A black and white photograph (circa 1970s) showing the front of the Farnam Mansion appears on page 11 of the 1976 book, Country Roads - Madison County's Heritage: A Resource for the Future (Madison County Planning Board; Jennifer G.F. Solms and Paula A. Schoonmaker, editors). The photo's caption, which refers to the mansion as the "Farnam House" states that the builders "probably copied their design from the popular pattern books which published plans for the latest architectural styles." An uncaptioned black and white drawing of the mansion appears on page 8, and a paragraph describing some of the architectural details of "Oneida's Farnam House" appears on pages 130 and 131 in the Madison County Architecture section (by Brooks Stoddard.) An excerpt from the paragraph states that the mansion "features a tower topped by overhanging cornices 
supported by ornate brackets. Similarly, the windows are decorated with very heavy hood-moulds and cornices, details which add considerable richness to the building.
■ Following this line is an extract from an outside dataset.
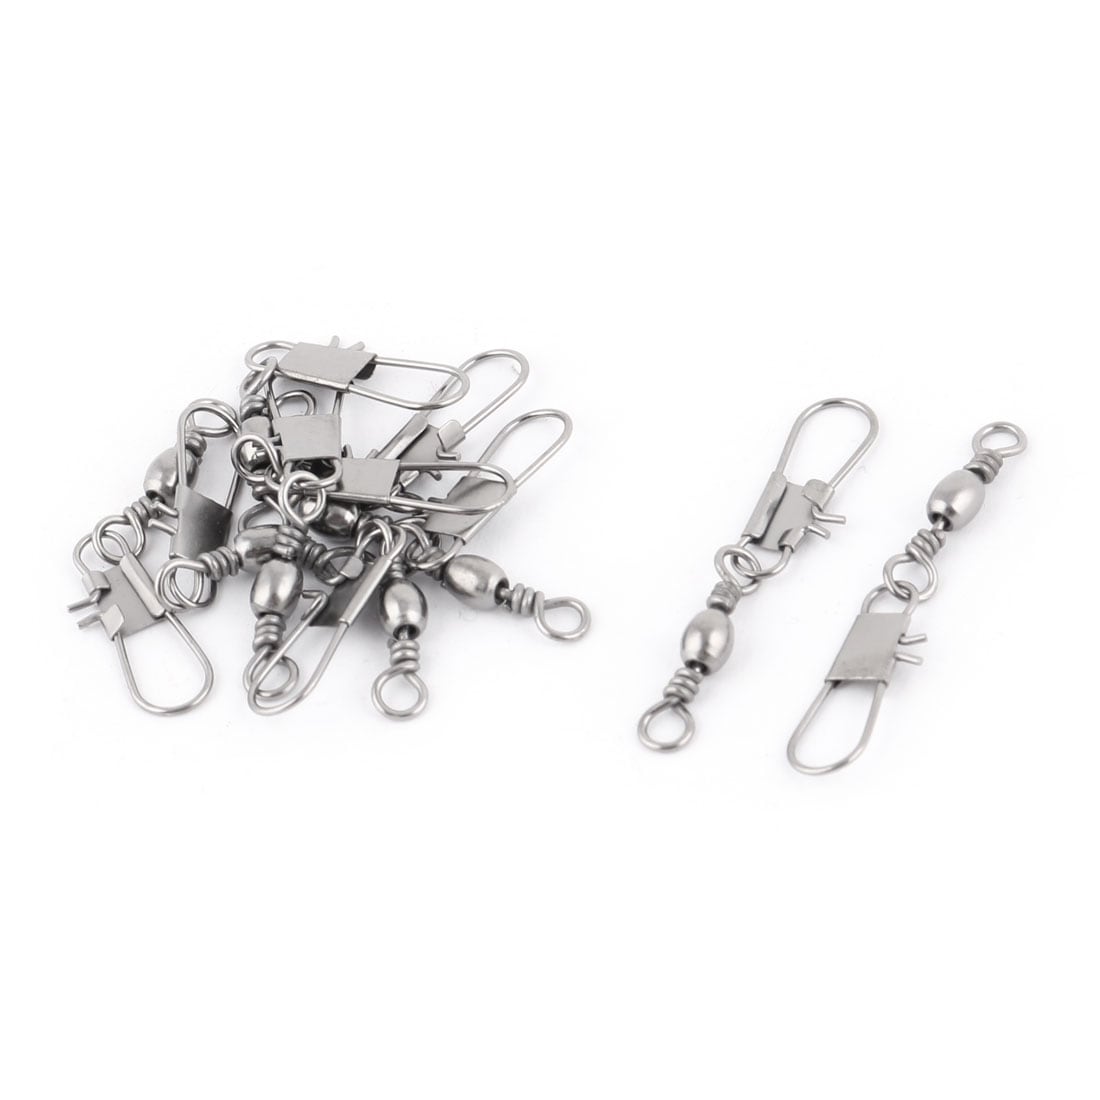 https://ak1.ostkcdn.com/images/products/is/images/direct/5c6bba6046c21860007bc99273d59700deb4c09e/Unique-Bargains-7%23-Fishing-Tackle-Metal-Line-to-Hook-Clip-Connector-Swivel-10-Pcs.jpg

Wrought iron designs of vines and flowers further enhance this effect." Stoddard also calls the mansion a prime example of the county's Italian Villa style of architecture which began circa 1850 as part of the Alexander Jackson Davis and Andrew Jackson Downing innovations.

History

The original owner of the mansion was a wealthy businessman named Stephen Head Farnam, after whom the house was named. In addition to being a successful hardware store owner  and president of the National State Bank, Mr. Farnam was also a proprietor of the Little Falls Axe Factory, the president of the Glenwood Cemetery Association, and one of the organizers and first directors of the Oneida Gas Light Company. He died at home on November 17, 1897, after suffering a stroke. His obituary described him as "a well-known and highly esteemed citizen and merchant" of Oneida, and also "a self-made man and the architect of his own fortunes." (Other members of the Farnam family who have died in the mansion include Stephen's first wife, Elizabeth; their son Frederick James, who died of consumption in 1892 at the age of thirty-one; and Stephen's sister Sarah Robinson, who died after a week's illness of dysentery at the age of 80.)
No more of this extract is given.